▶ _About this exercise_
What you return should be the full listing, word for word, without a single image.

▶ _Collected material_
• • •
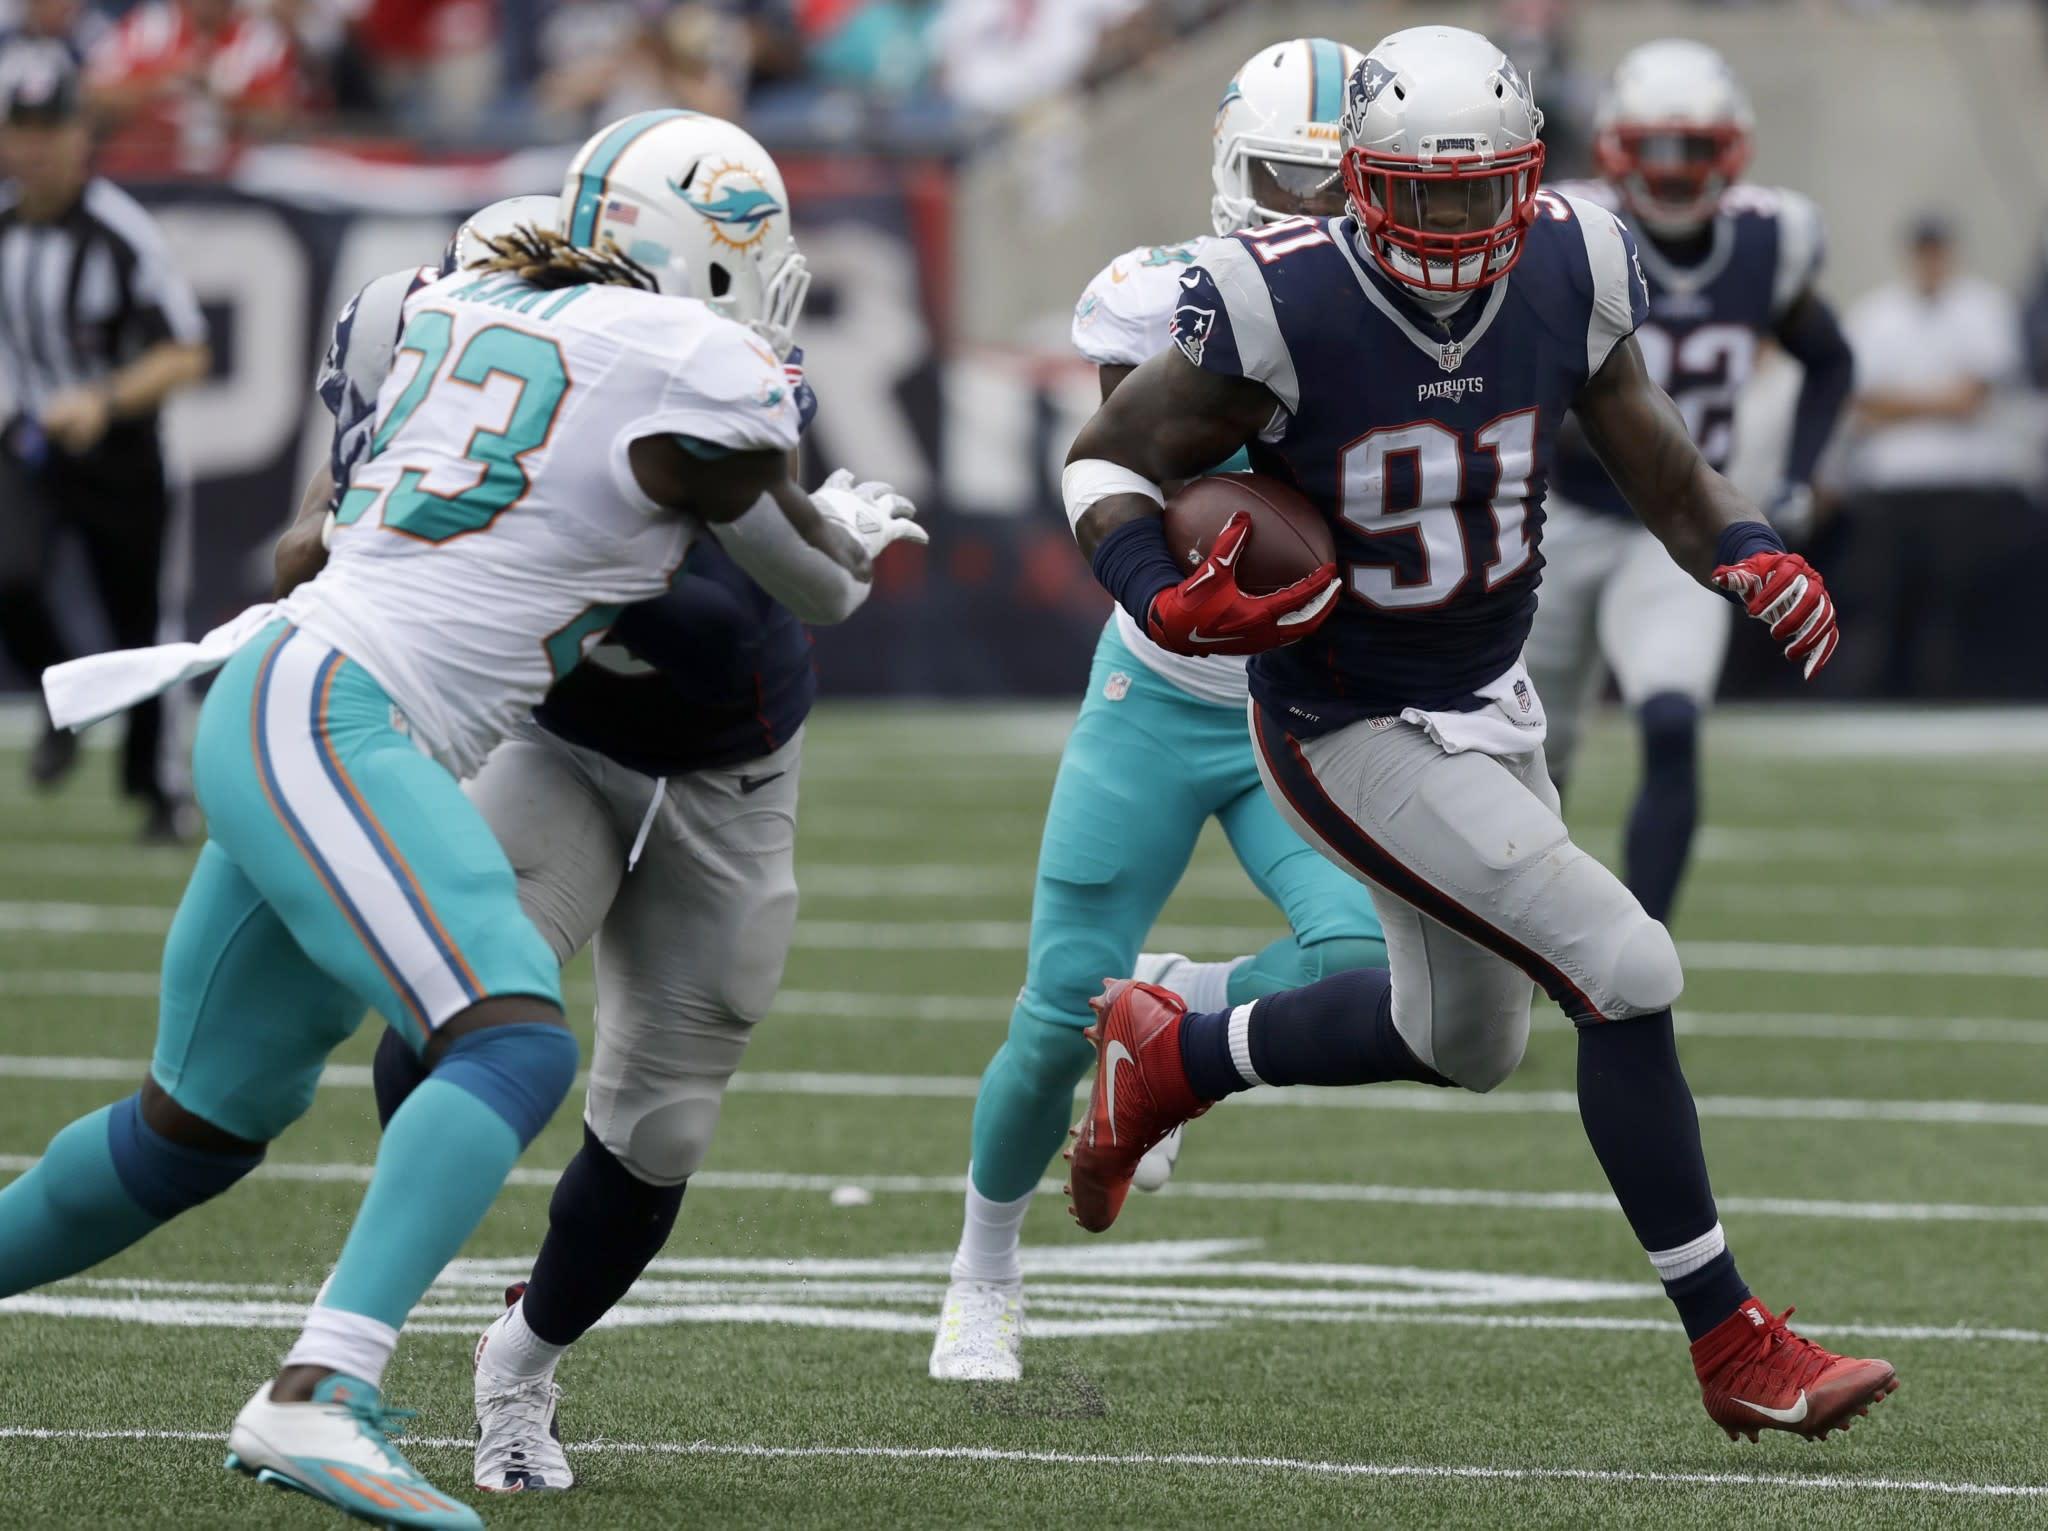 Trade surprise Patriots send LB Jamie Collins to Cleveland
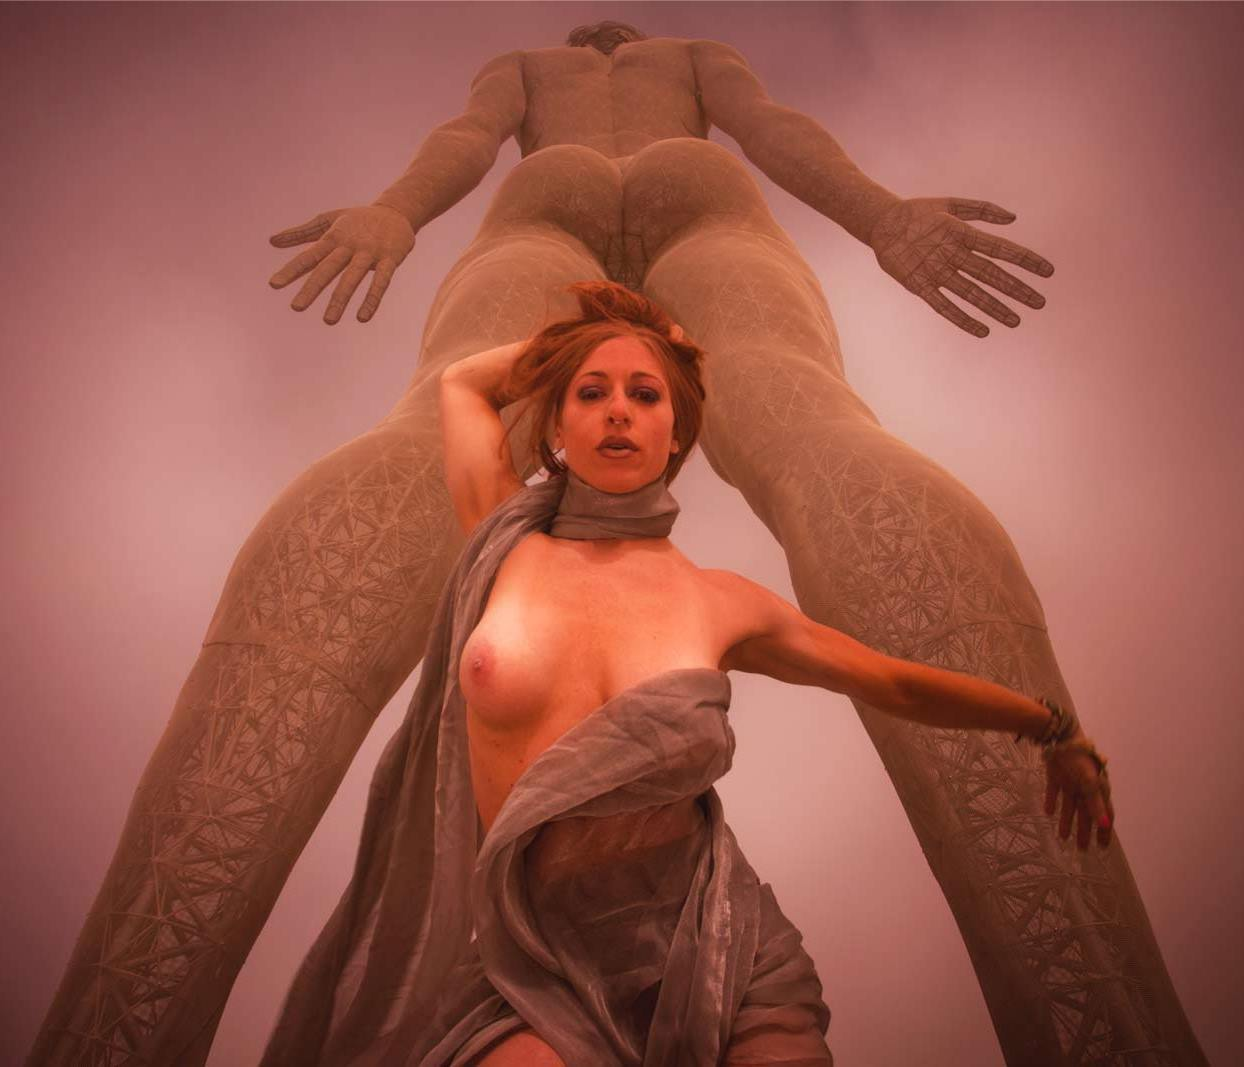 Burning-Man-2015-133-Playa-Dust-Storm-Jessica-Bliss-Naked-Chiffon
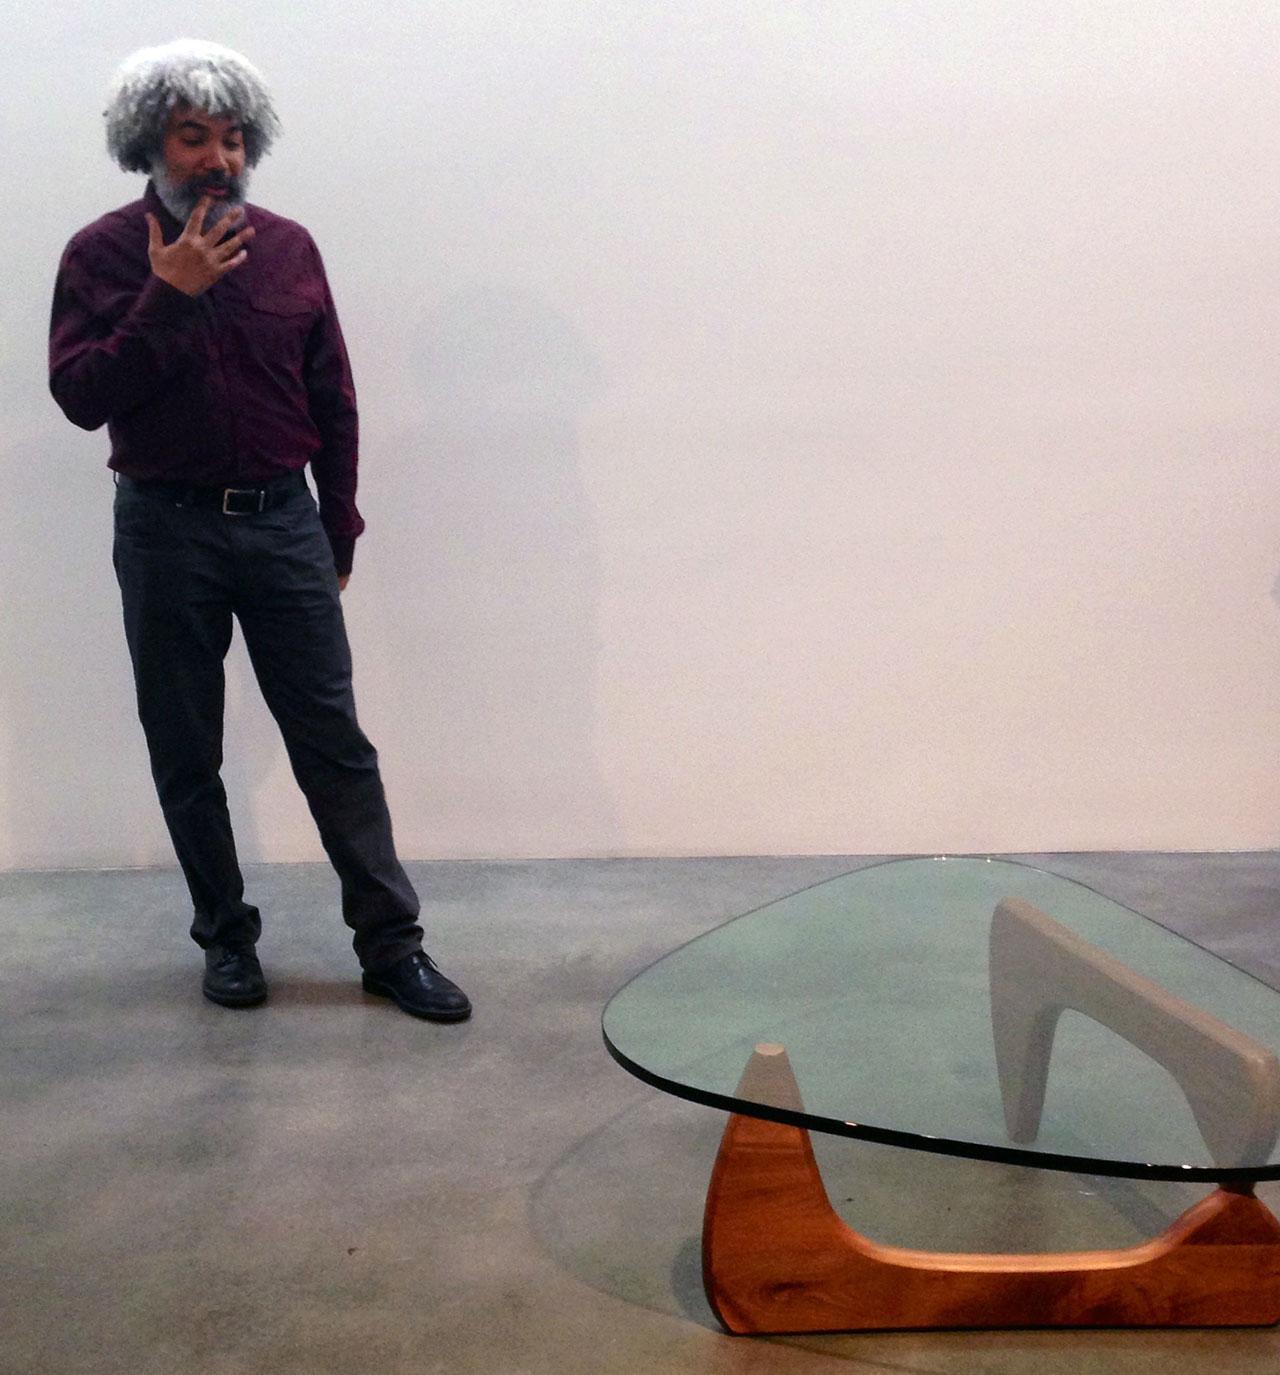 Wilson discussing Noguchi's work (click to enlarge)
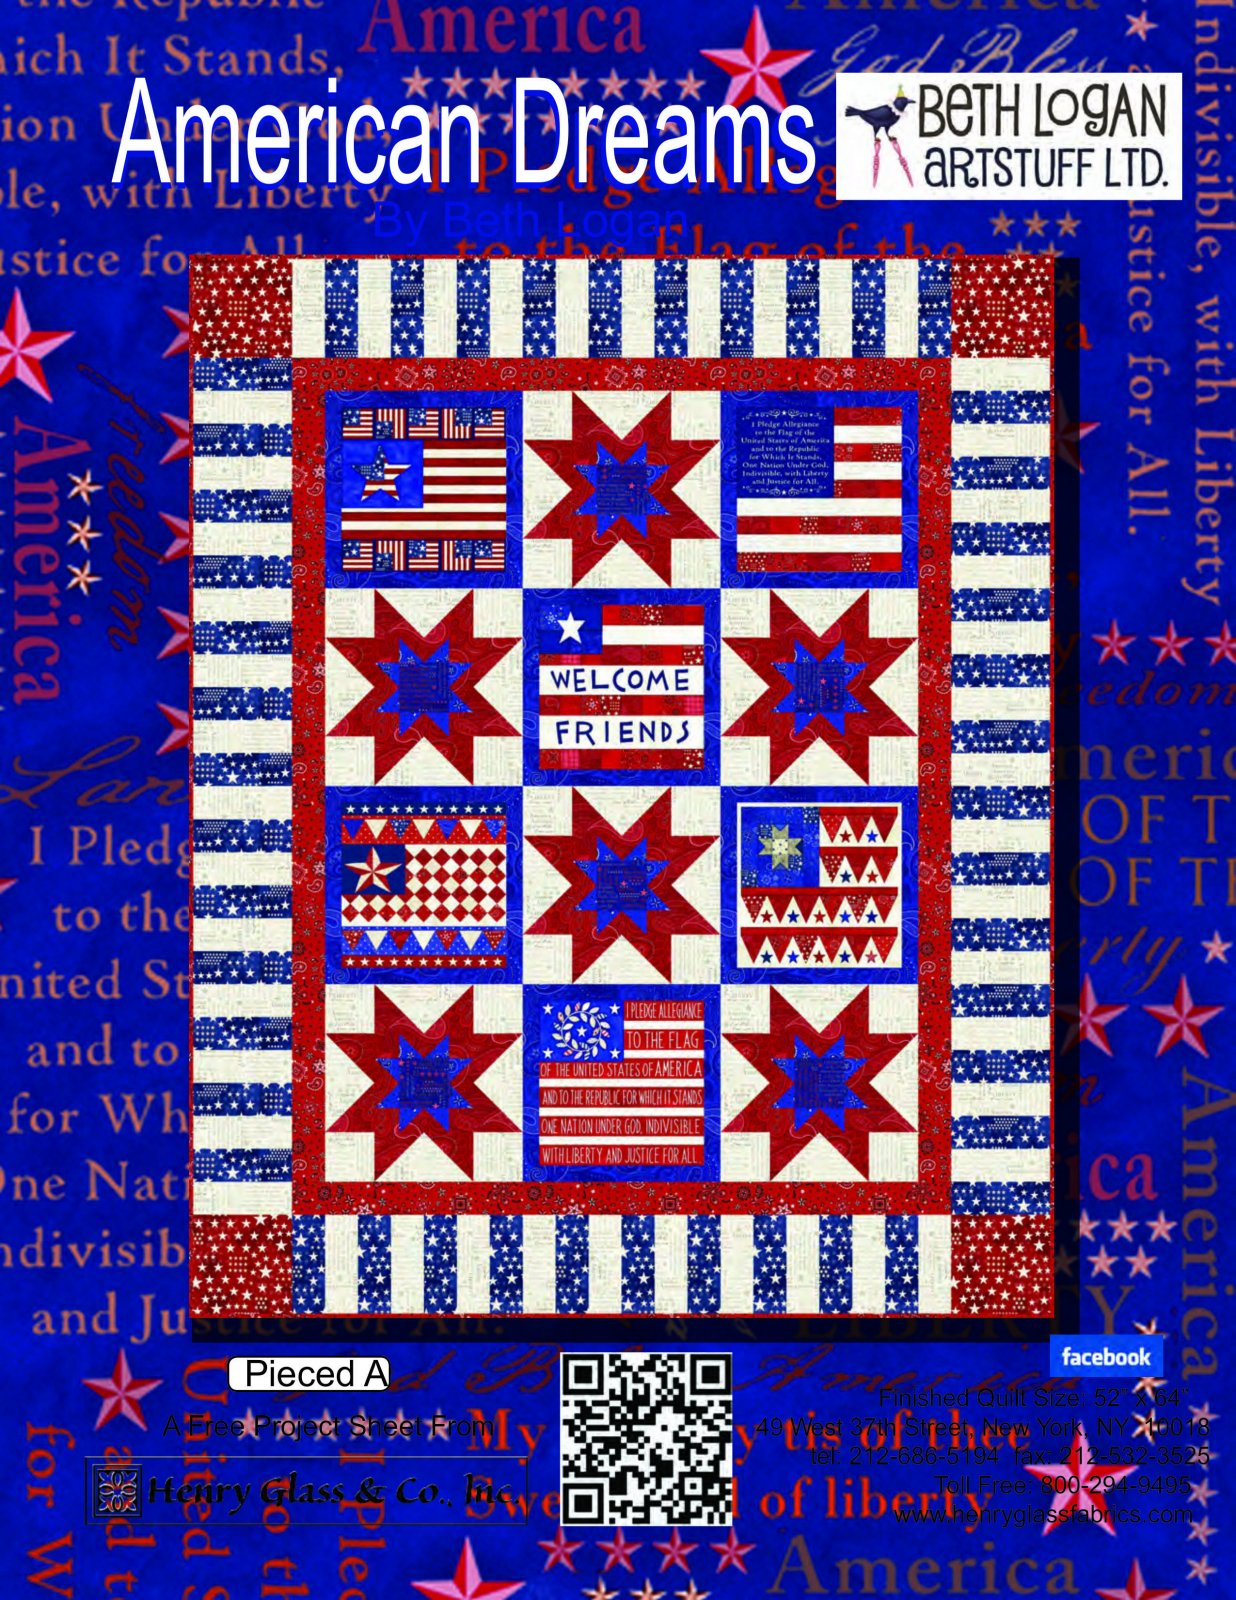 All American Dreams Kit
• • •
▶ _Exercise output_
 Trade surprise Patriots send LB Jamie Collins to Cleveland
 Burning-Man-2015-133-Playa-Dust-Storm-Jessica-Bliss-Naked-Chiffon
 Wilson discussing Noguchi's work (click to enlarge)
 All American Dreams Kit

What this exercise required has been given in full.